The main idea is that the business must be able to configure the rules in production by themselves: no IT intervention is needed. Business experts can change the rules independently of the release cadence. Of course, with great powers come great responsibility. Business is independent but bears the consequences of misconfiguration.
Code parts change at different speed
We moved tax computation logic to the Rules Engine in the tax application above. Application designers inferred beforehand that this logic would be the most subject to change. Indeed, any change in the law could impact tax computation and require changes in the code. It’s better to decouple the tax computation’s lifecycle from the regular application because they change at different speeds. Worse, the former changes at an arbitrary speed - the law, which is not under the business' control.
The tax example is a trivial one. Yet, across the continuum of applications, the fact is that some parts change more often than others. As a result, proponents of the microservice approach split the app into parts so they can change independently. I’ve shown in the first section that it doesn’t work without the right kind of organization.
Additionally, this approach has two design assumptions:
- We can somehow divine the boundaries of the parts during the design phase
- All parts need to change at an arbitrary speed.
Both are dead wrong.
The current consensus regarding microservices seems to start from a monolith. Only then, after some time, one can refine the inferred boundaries: it’s time to split to microservices.
What if, instead of splitting to microservices, one would "chop" the part that changes the most frequently (or the most arbitrarily)? We could keep the monolith minus this part. Different implementation options for this part are available:
- Rules Engines - if you have experience and are happy with them
- Serverless functions
- "Regular" microservices
- Something else?
How to chop?
Once you’ve analyzed the boundaries and isolated the part to "chop", the next problem is how to achieve it. In one of his famous articles, Martin Fowler (him again!) describes the Strangler pattern:
An alternative route is to gradually create a new system around the edges of the old, letting it grow slowly over several years until the old system is strangled. Doing this sounds hard, but increasingly I think it’s one of those things that isn’t tried enough. In particular I’ve noticed a couple of basic strategies that work well. The fundamental strategy is EventInterception, which can be used to gradually move functionality to the strangler fig and to enable AssetCapture.
One can use the pattern to migrate to a microservices architecture. Indeed, Chris Richardson includes it in its portfolio of microservices patterns.
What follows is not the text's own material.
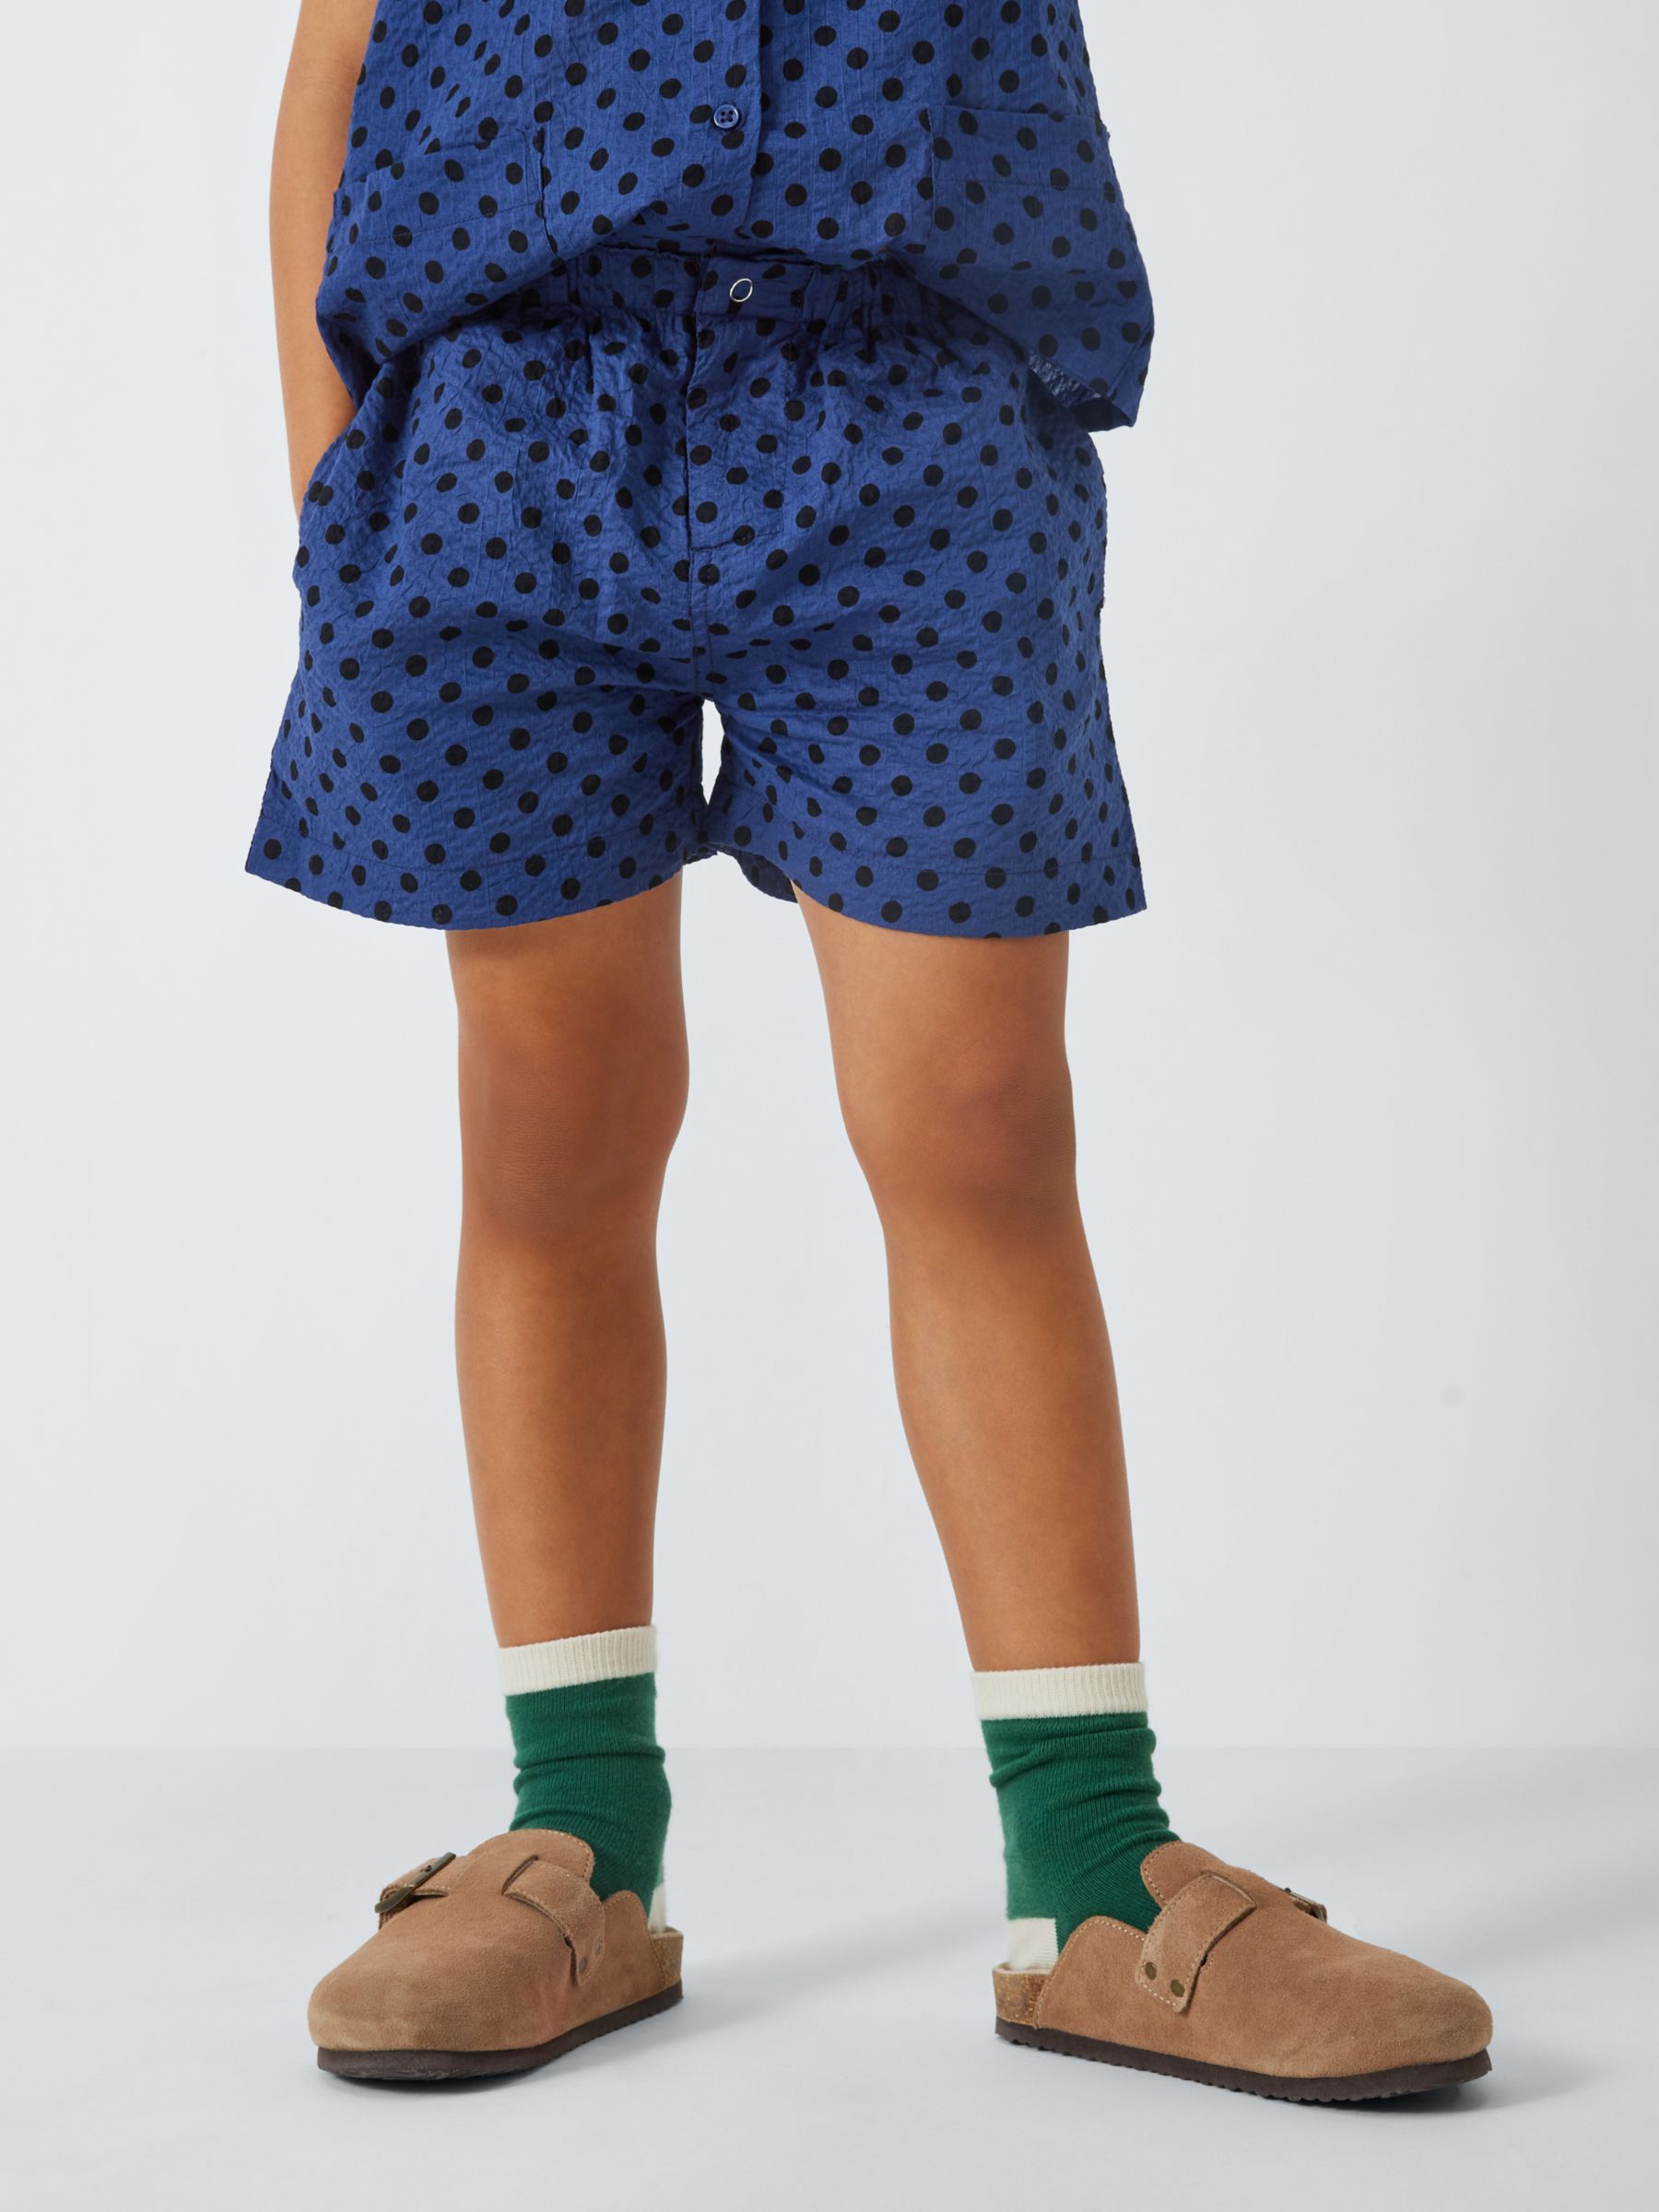 Caramel Kids' Apium Polka Dot Shorts, Navy, 3 years
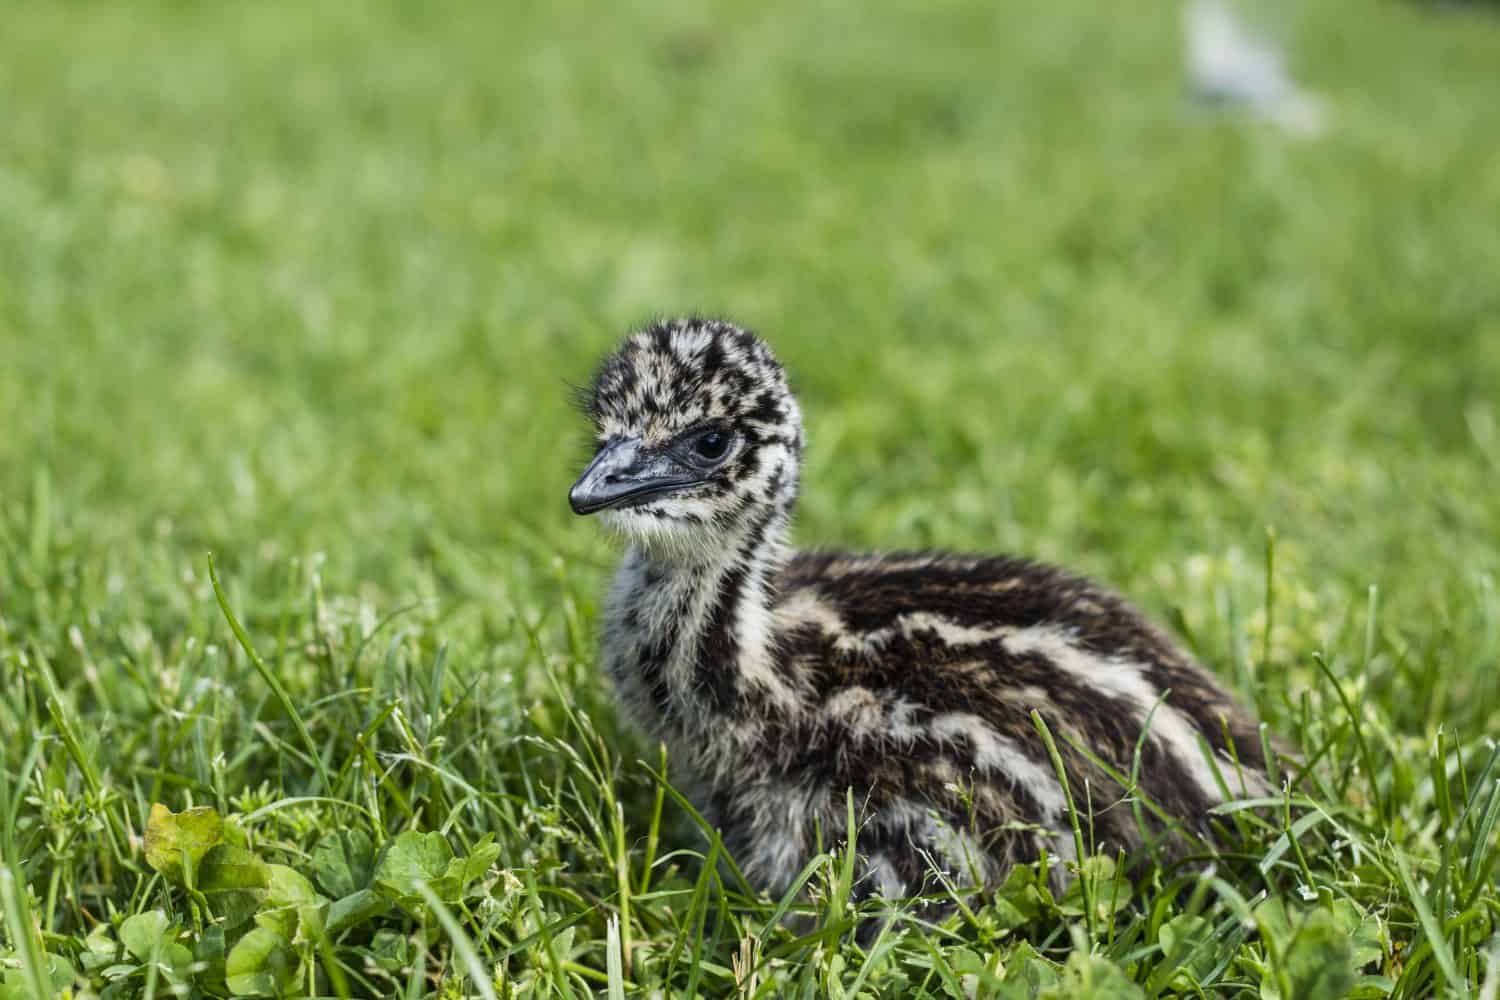 Unusual, cute emu chick in green grass

However, nothing prevents you from:
- Migrating the part to something else, e.g., a Serverless function
- Stopping at any point in the process
The biggest issue is regarding clients. Migrating an HTTP endpoint to a different location will break them. However, with the help of a front-end API Gateway, it’s a no-brainer. Just route the request to the new endpoint location, and you’re done.
Conclusion
In this post, I highlighted that microservices, as presented in conferences, are doomed to fail in most organizations. Still, the current environment requires frequent updates to some parts of the code. Because it’s hard to know all parts before the first deployment, it makes sense to start with a simple monolith. With time, we can analyze which parts are the most frequently updated.
At this point, we can chop these parts into a separate deployment unit. Its nature - a micro-service, a serverless function, etc., doesn’t change the overall architecture. To keep clients from breaking, we should update the routes in the API Gateway from the old endpoint to the new one.